Mutations in a variety of chromatin regulators have been implicated in development of cancer cells, and the normal functions of these regulators provide some clues to the mechanisms involved in altered gene expression. Loss of function mutations in several nucleosome remodeling proteins, including ARID1A, SMARCA4 (BRG1) and SMARCB1 (INI1) are associated with multiple types of cancer (Dawson and Kouzarides, 2012; Hargreaves and Crabtree, 2011; Tsai and Baylin, 2011; Wilson and Roberts, 2011), suggesting that defects in mobilizing nucleosomes near the promoters of active genes are involved. Similarly, various mutations in the Polycomb components EZH2 and SUZ12 and in the DNA methylation apparatus occur in multiple cancers, suggesting that in these instances it is the loss of proper gene silencing that contributes to tumorigenesis (Cedar and Bergman, 2012; Jones, 2012; Margueron and Reinberg, 2011; Mills, 2010). The majority of malignant melanomas overexpress SetDB1, a histone H3K9 methyltransferase that can contribute to gene activation or silencing, and this causes deregulation of HOX genes and accelerates melanoma (Ceol et al., 2011).
Gene fusions with the chromatin regulator MLL in leukemias are now known to alter transcription elongation (Luo et al., 2012b; Marschalek, 2010; Slany, 2009; Smith et al., 2011a). Several translocation partners of MLL are components of a super elongation complex (SEC) that includes P-TEFb and ELL proteins, which have also been shown to control transcription elongation (Lin et al., 2011; Lin et al., 2010; Luo et al., 2012a; Smith et al., 2011b).
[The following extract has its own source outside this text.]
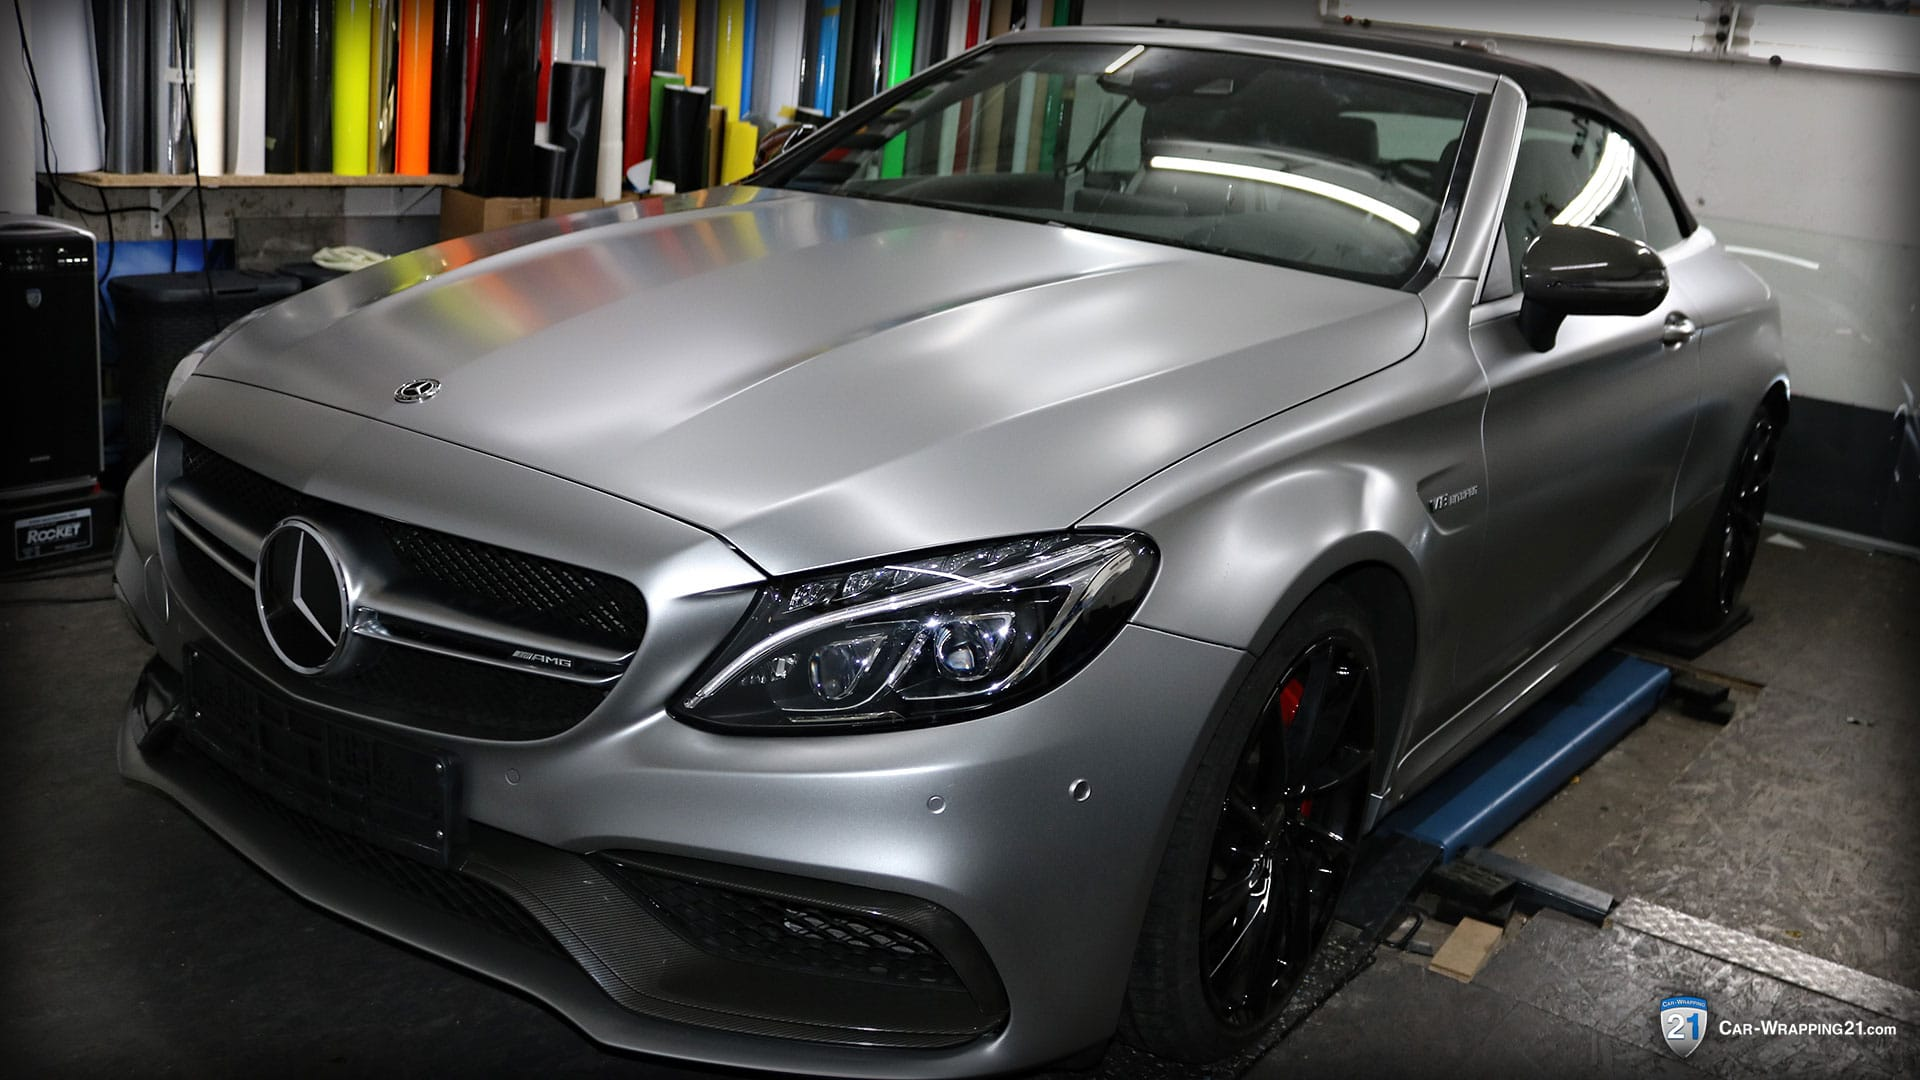 Mercedes-Benz-C63-Amg-Vollfolierung-Avery-Satin-Metallic-Light-Grey-Nachher-V8-Cabrio-2016
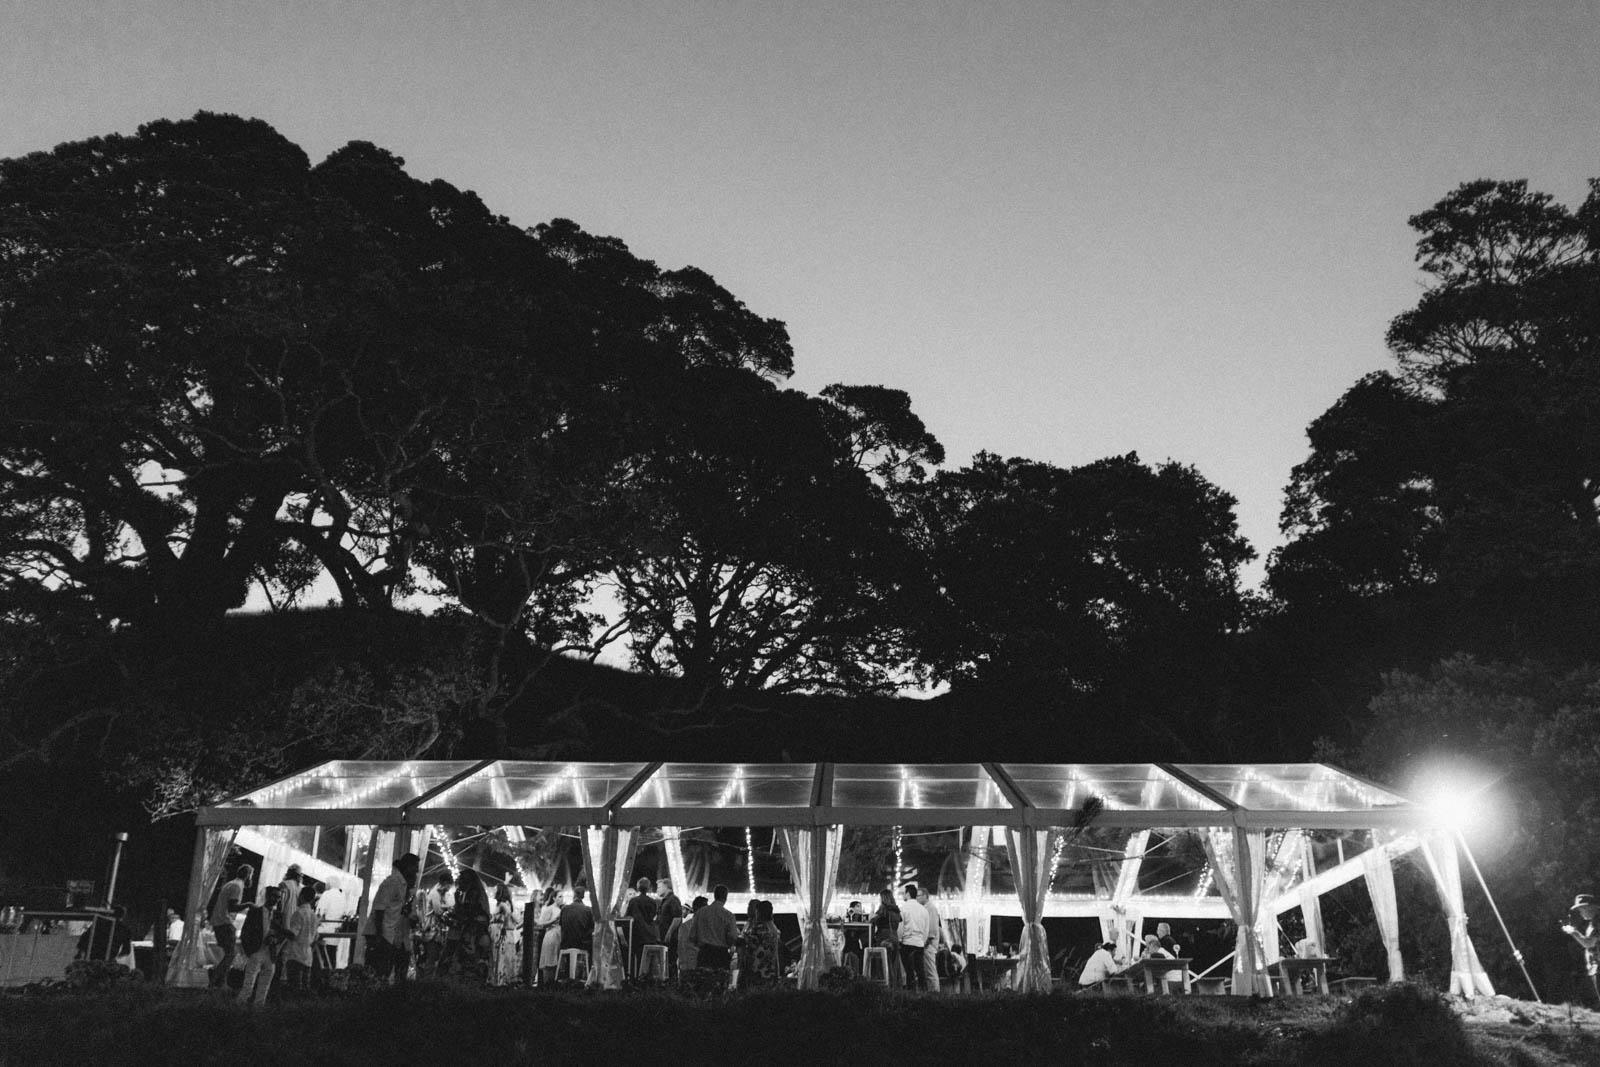 newfound-l-i-coromandel-wedding-photographer-2047-A9_05977

It is thought that translocation of any of the SEC subunits to the amino-terminal domain of MLL abnormally stabilizes the localization of the SEC at MLL target genes, including HOXA9 and HOXA10, which leads to excessive stimulation of RNA polymerase II into productive elongation at these genomic loci, which in turn contributes to aggressive acute leukaemia.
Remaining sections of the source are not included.